By Petra Eperjesi
Manager of Forest School Canada
This post was previously published on the Child & Nature Alliance. It is reposted here with permission.
I’ve got joy on my mind.
That’s maybe strange during a global pandemic, but I’ve been having so many conversations these days that are all pointing to joy. I asked a colleague who is a special educator who values taking her students outside what has most surprised her in the last year. She said joy! The joy of taking helping students out of their wheelchairs to be laid in a leaf pile, some of them 21 years old, laying in a leaf pile for the first time. Joy!

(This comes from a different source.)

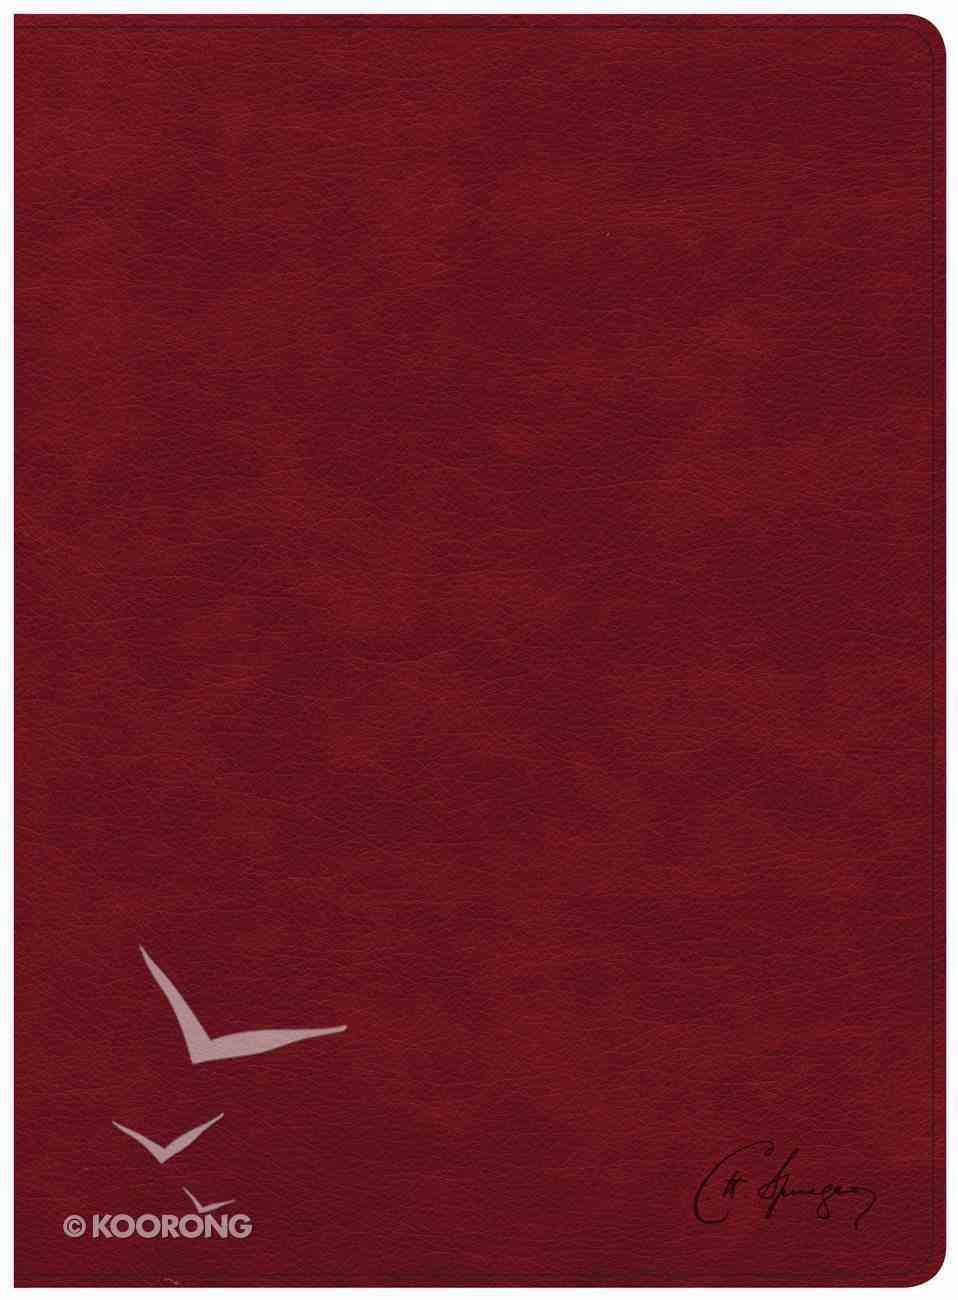 KJV Spurgeon Study Bible Crimson Imitation Leather

I spoke with a person who didn’t understand what I meant when I said that learning can be co-constructed with the land. He said, “that sounds a lot like free play and recess.” I said free play and recess is learning. The idea that they’re separate(able) is one I’ve rejected and dismantled many times but this time, when a colleague said, “it’s like it’s unfathomable that learning could be fun”, it hit me: Maybe the struggle isn’t in understanding that play is learning. Maybe the issue is that we’ve so divorced learning from joy and so married it to work – industrialized, repetitive, efficient, one size fits all work – that we’ve forgotten that learning can look and sound and feel joyful! Playful! Fun!

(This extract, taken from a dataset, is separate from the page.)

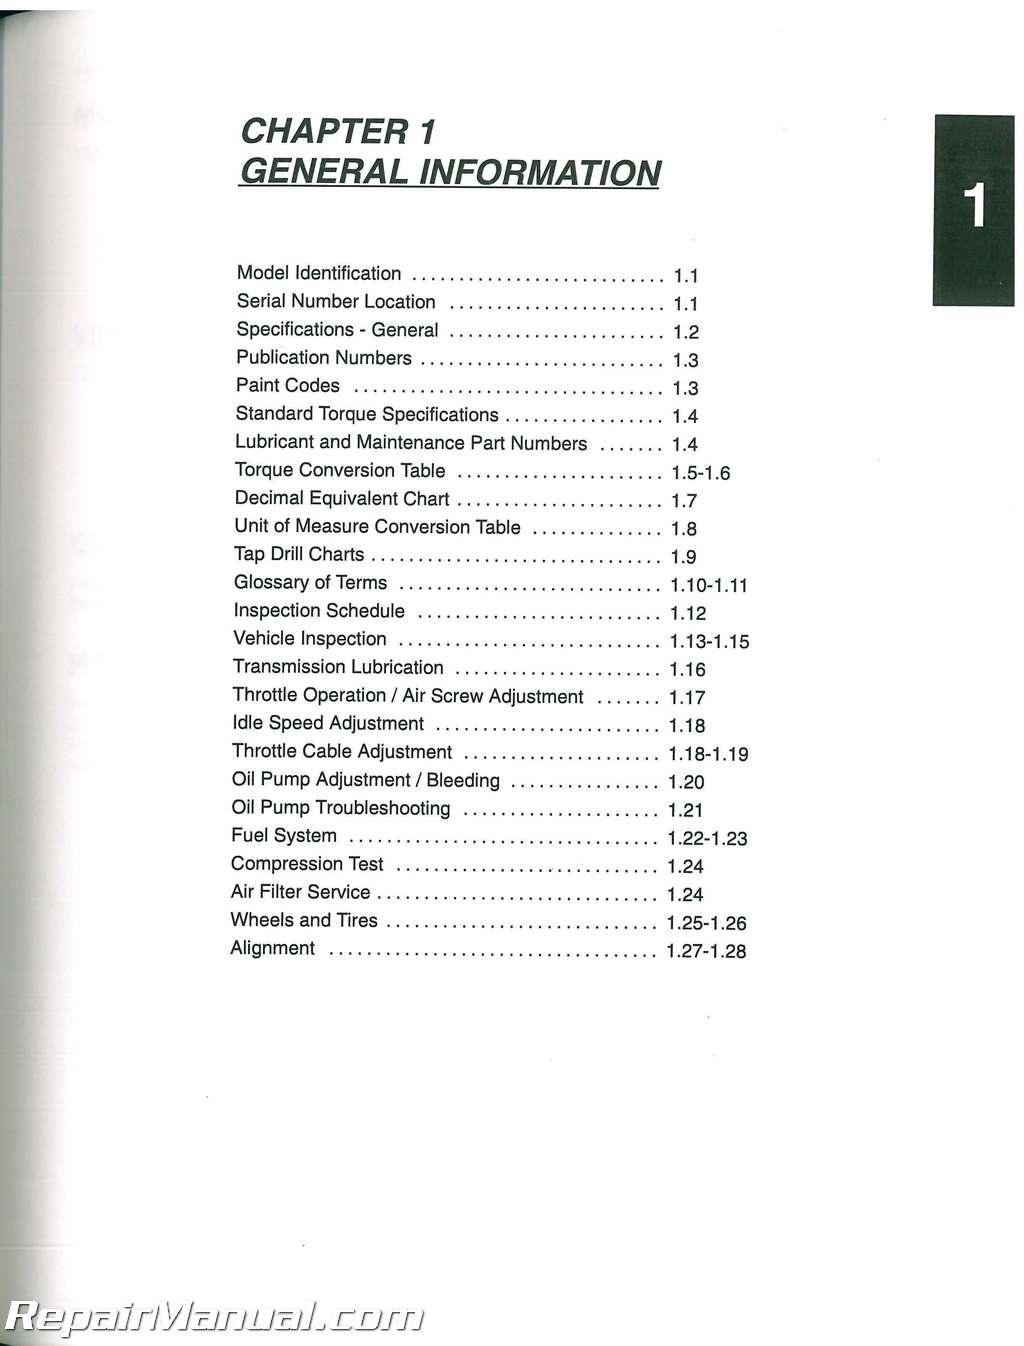 2001 polaris scrambler 50 90 sportsman 90 atv service manual rh repairmanual com polaris sportsman 90 manual choke conversion 2001 polaris sportsman 90 service manual pdf

At this time of a global pandemic we are being pushed to reimagine what education will look like. We are being told to figure out new protocols, new routines, new strategies. If it has to be (gets to be?!) new, if it has to be (gets to be?!) reimagined, let us reimagine it outside! We know that outside is safest right now physically, and we’ve long known and felt that it’s good for us emotionally and psychologically.
That same special educator who shared her “leaf therapy” story with me also spoke to how much work it is to take children outside, especially those with exceptionalities and disabilities, and, she said, “it is always worth it.”
Let’s make the effort. Let’s meet this moment. Let’s reimagine education outside. Let’s make room for joy!